That was certainly the conclusion of the Chancellor Philip Hammond when he highlighted the ongoing problem of the UK productivity gap in his autumn statement. It has to be said that concerns over the productivity gap aren’t new. First put down as a legacy effect of the recession, the Bank of England and others have been discussing potential causes for ongoing low productivity rates for a number of years. But the gap was put in stark contrast in the autumn statement when the Chancellor highlighted the fact that it takes UK workers five days to produce something which German workers can do in four.
Investing in innovation
To the casual observer, this may make little sense. After all, in the recent INSEAD/WIPO Innovation Index, the UK was ranked as the 2nd most innovative country on the planet. We came in comfortably above France, Germany, the United States and Italy, all of whom the Chancellor revealed are more productive than us. So what gives? Why is this innovative support structure not leading to higher productivity?
The answer, as with so many things, lies in the detail. You see, the INSEAD report looks at the innovation ecosystem. It looks at things like the legal infrastructure to support intellectual property, and the ease with which companies can be created. It considers the higher education landscape and the financing that can support new ventures. In other words, it looks very much at systemic things. The very systemic things the Chancellor announced more support for in his £23 billion productivity investment fund, which he pledged will support R&D, housing and transport.

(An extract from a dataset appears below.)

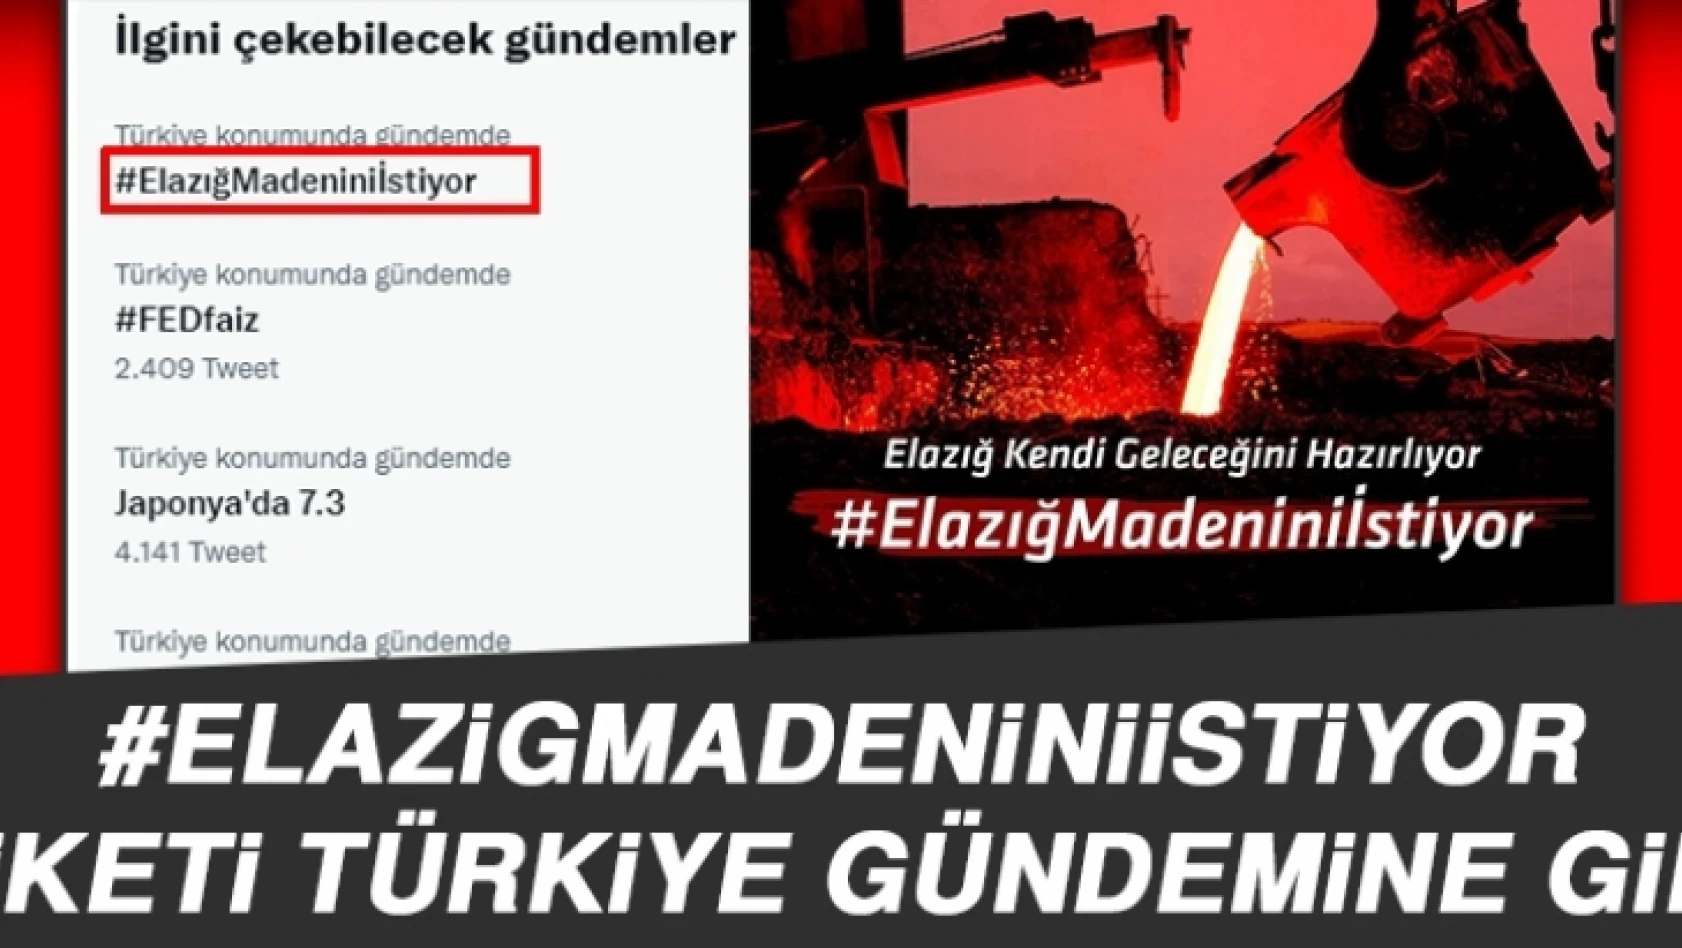 #ElazigMadeniniİstiyor Etiketi Türkiye Gündemine Girdi

All of this is great, but it focuses very much on activities outside of the company, and without an accompanying drive to improve the internal mechanics and culture of our companies it will be hard to convert all of this great raw material into new innovations.
We need our organisations to look hard at their internal processes to see whether they truly have a culture of innovation that will generate real solutions for customers, and therefore drive real changes to productivity levels.
We can use real intelligence to understand what the problems actually are and how we can best provide solutions for our customers. We can collaborate not just internally but also with other organisations and our customers in order to devise better ways of working and better products which add real value and drive growth. And we can do so adaptively, bringing solutions to market in a timely manner and being proactive rather than reactive.
Whilst the investment by the Chancellor is undoubtedly welcome, and will no doubt help the UK remain high in the Innovation Index league table, this won’t translate into higher productivity unless our organisations develop genuine cultures of innovation in which all stakeholders are engaged in driving change. The change really does start with you.